Anonymous Coward | more than 2 years ago | (#38766152)

dude,

The earths mantle is what is absorbing the heat as the water is pumped down from the computer deep underground, as it returns back up to the computer the earths mass, far enough removed from the sun and not close enough to the earths core to be above 50 something degrees, cools the water. geothermal cooling/heating, depending on what temerature the liquid is you are cycling.
come on guys, this is basic stuff, I expect to see these types of comments on TMZ.com or please somewhere other than this site!

eric w

Geothermal heat pumps (5, Insightful)

Solandri (704621) | more than 2 years ago | (#38746196)

When I investigated a bunch of energy-saving options for a building I was managing, geothermal heat pumps [wikipedia.org] were by far the most cost effective (not to be confused with geothermal energy). For our building, its payback time would have been 3-5 years. There are no fancy materials, no high-tech equipment involved. Just a bunch of buried/sunken plastic tubes with water flowing through them. The ancient Romans used a variant of it [i4at.org] to air condition their homes.

Essentially they're the same thing as a window heat exchanger/air conditioner, except instead of using the ambient air as the heat dump, they use the ground or groundwater/pond.
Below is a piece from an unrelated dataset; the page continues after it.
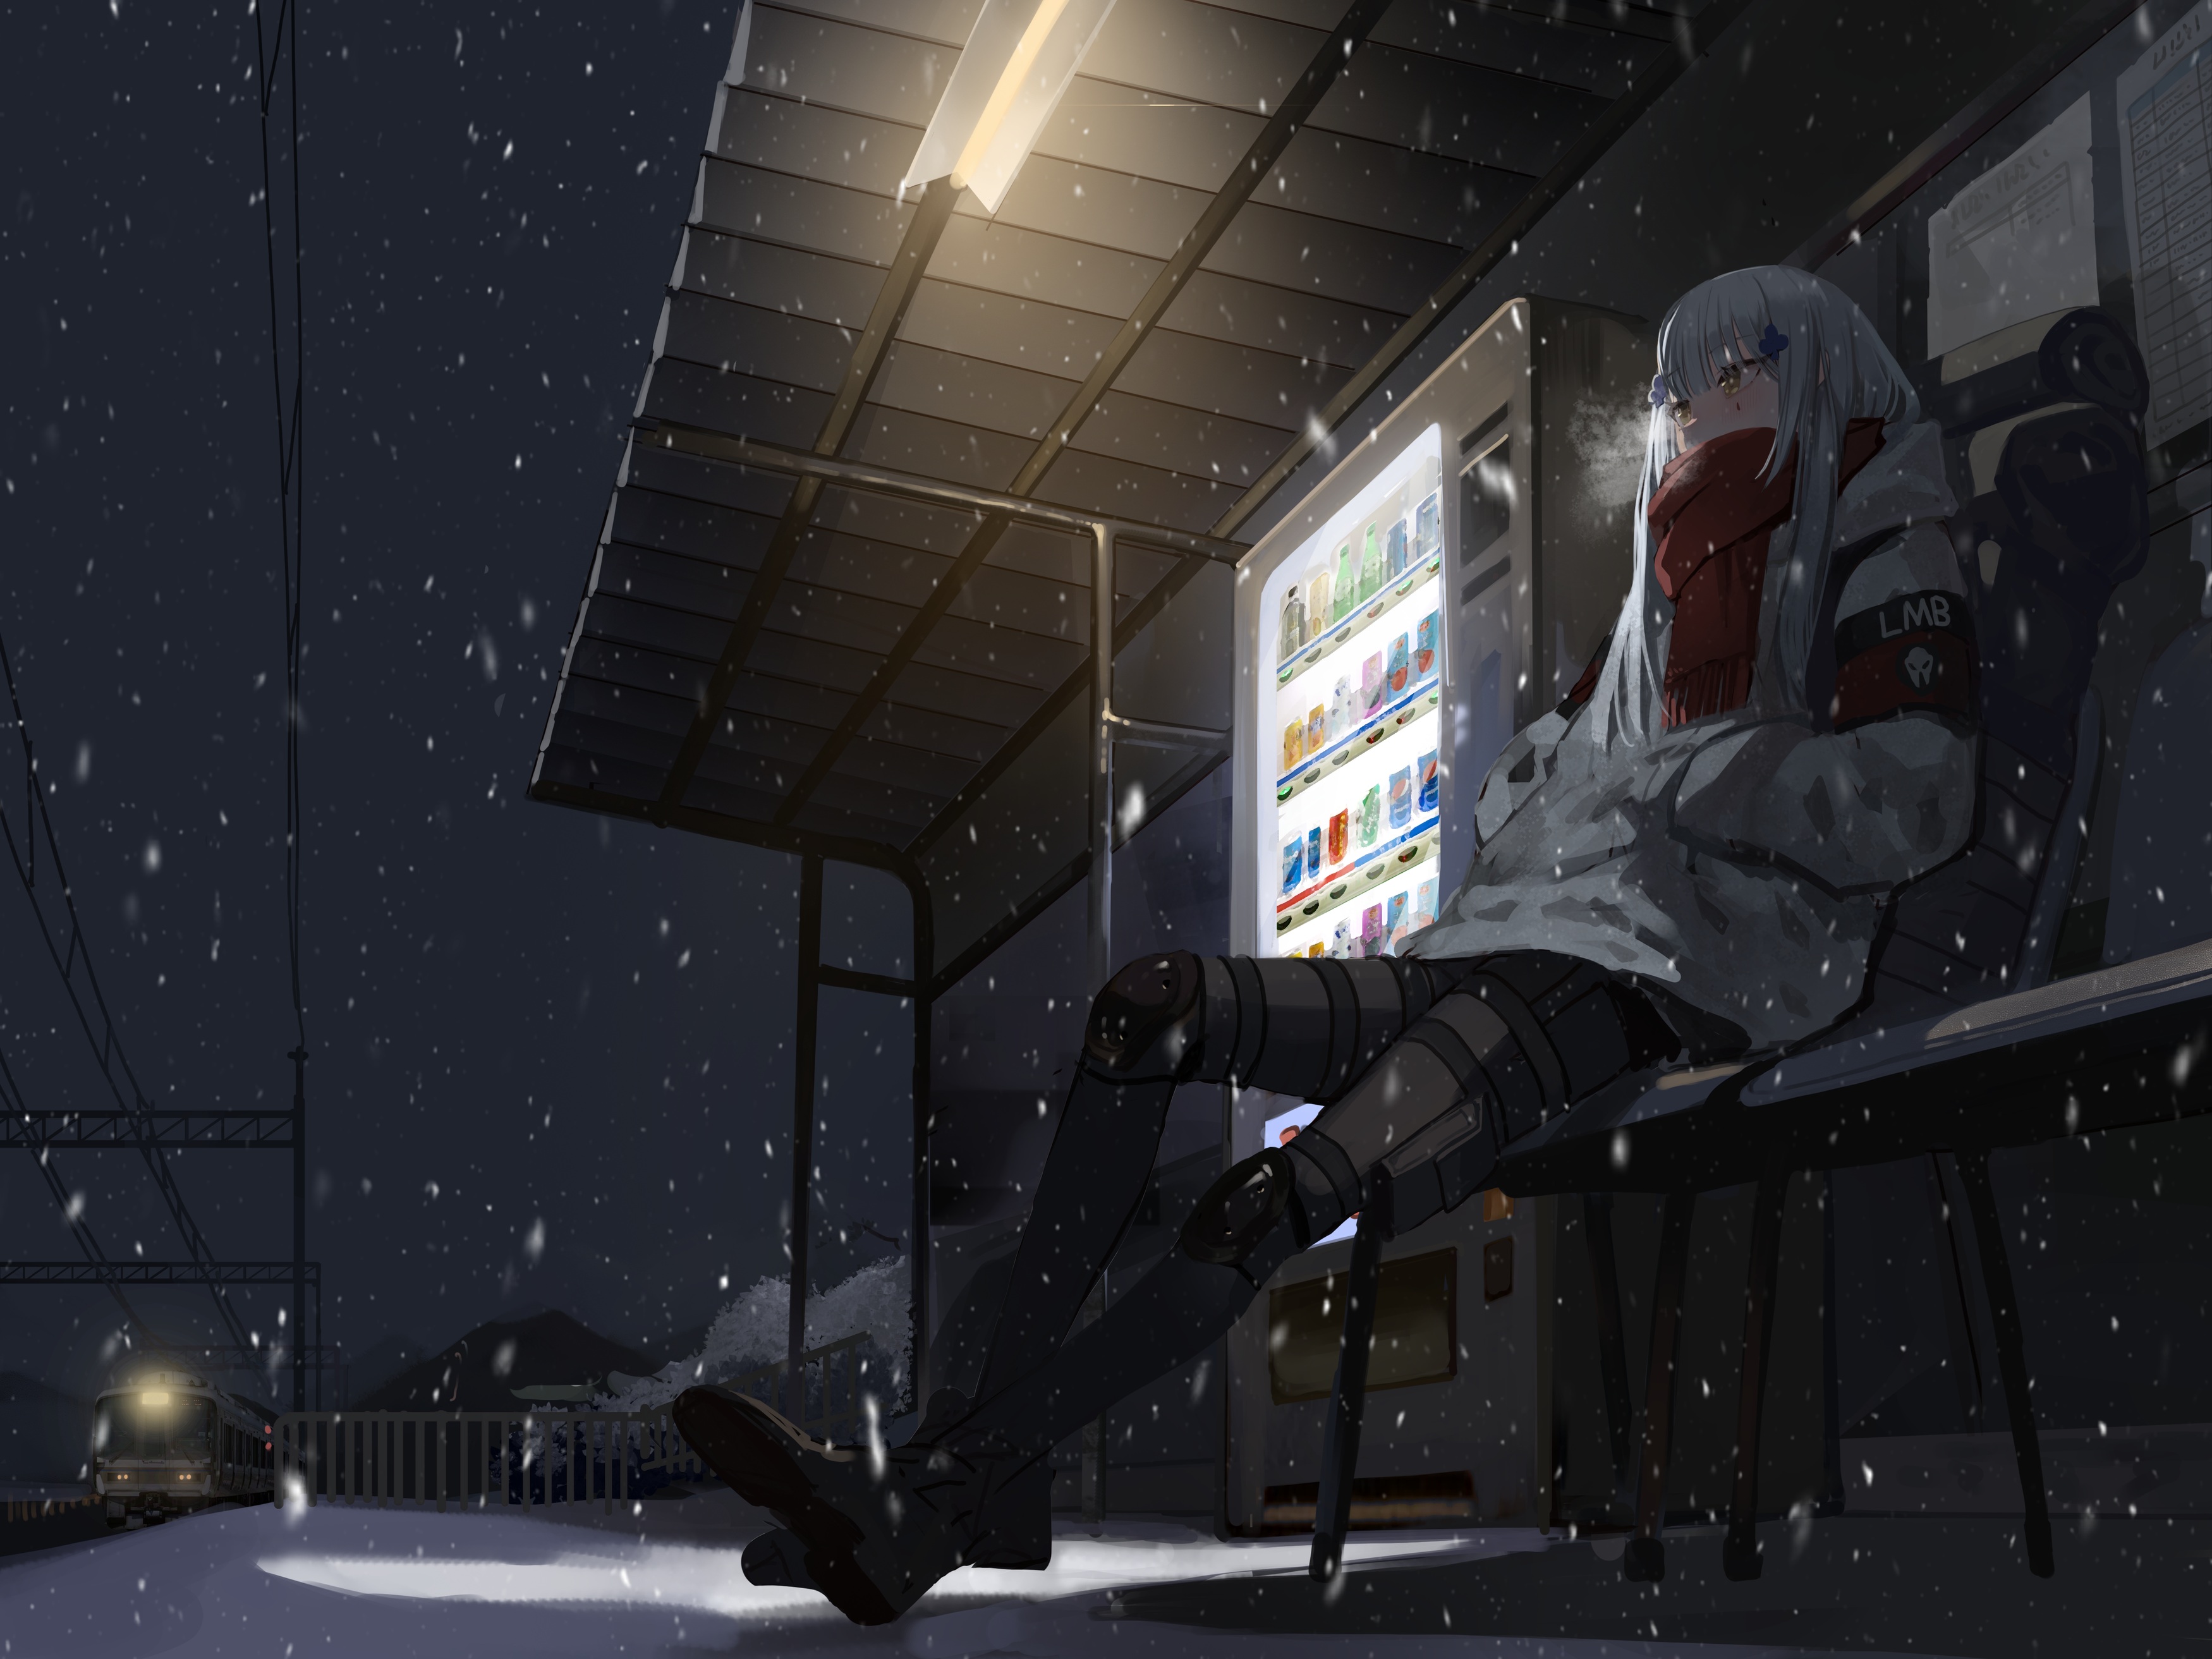 Anime Anime Girls Scarf Snow Night Train Station Train Coats Girls Frontline HK416 Girls Frontline B 3500x2625

This provides a much steeper and more favorable temperature gradient in both winter and summer, allowing the heat exchanger to operate much more efficiently. Whereas air is about 90 F in summer, the ground is about 55 F making it much easier to pump heat into the ground. In winter the air is about 30 F, while the ground is still about 55 F, making it much easier to pump heat out of the ground. (Below about 40-50 F, most heat exchangers just shut off and run a heating coil, because it's so inefficient trying to extract heat from air that cold.)
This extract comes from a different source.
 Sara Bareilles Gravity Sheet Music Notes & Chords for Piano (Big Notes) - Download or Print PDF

They're an easy energy-saving measure which quickly pays for itself. I'm surprised more new building construction doesn't incorporate it. Makes sense for cooling computers, motors, etc. too if you've already got the infrastructure in place for your home or building.
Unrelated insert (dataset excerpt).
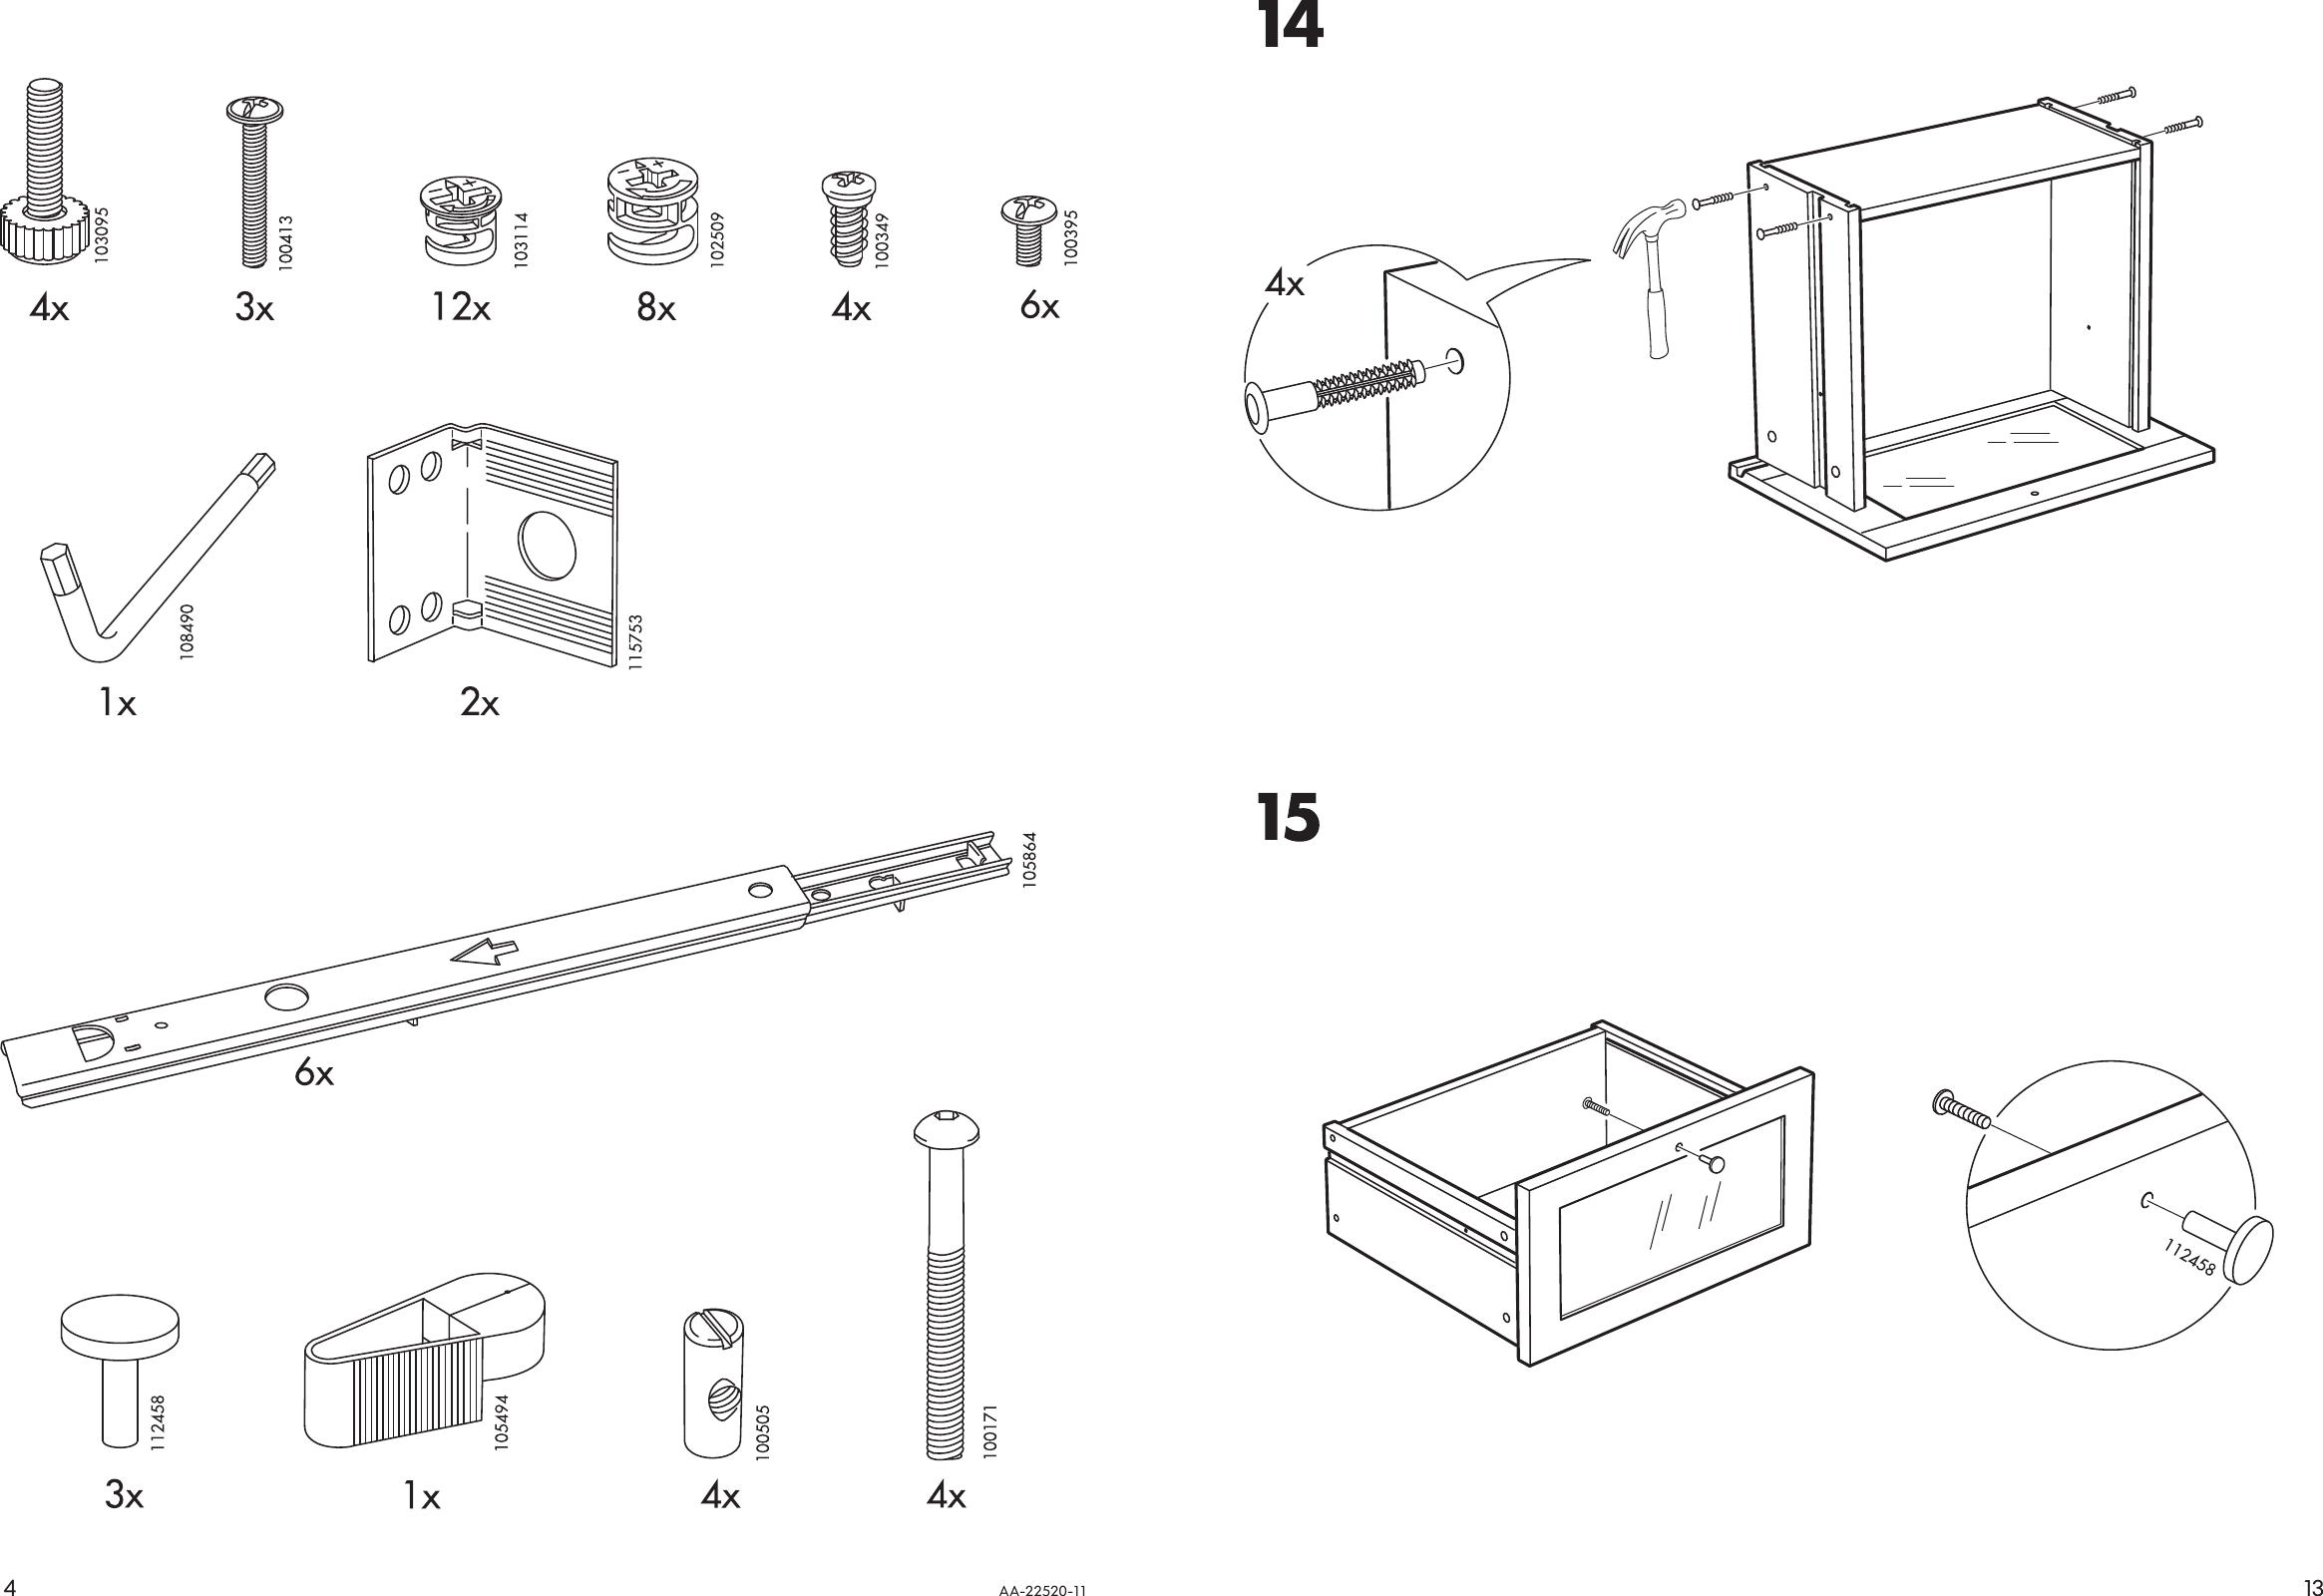 IkeaStenskarDrawUnitAssemblyInstruction.1313043034 User Guide Page 4

Re:Geothermal heat pumps (3, Funny)

ciderbrew (1860166) | more than 2 years ago | (#38746314)

I'd start up an Evil company and lower the water table. I'll not pump that water back unless you pay me .. One Millions Dollers. Mwaahaha aa Mwwhaahaa haaaa.

Re:Geothermal heat pumps (0)

Anonymous Coward | more than 2 years ago | (#38746508)

I'd start up an Evil company and lower the water table.

But they use ground water, not table water! :-)

Captcha: buttered

Re:Geothermal heat pumps (4, Interesting)

JoeMerchant (803320) | more than 2 years ago | (#38747060)

It's already been done, price was $9M:

http://www.edwardsaquifer.net/pucek.html [edwardsaquifer.net]

Re:Geothermal heat pumps (1)

ciderbrew (1860166) | more than 2 years ago | (#38747224)

+1 Informative and funny.

Re:Geothermal heat pumps (1)

Noren (605012) | more than 2 years ago | (#38747590)

Here's an aerial photo [pnl.gov] of the lab at the top of this flier. The blue in the upper right of the picture is the Columbia River [wikipedia.org] . If you can drain all the groundwater from this particular site then I think you would have better things to do than shutting down a supercomputer. Where would you put several thousand cubic meters of water per second?

Re:Geothermal heat pumps (1)

ciderbrew (1860166) | more than 2 years ago | (#38747996)

I'm going to need a super computer to work this problem out. I could drill a really big second hole and pump the water away. This will cost more than a millions dollars. Terrorism never pays!

Re:Geothermal heat pumps (3, Informative)

squoozer (730327) | more than 2 years ago | (#38746338)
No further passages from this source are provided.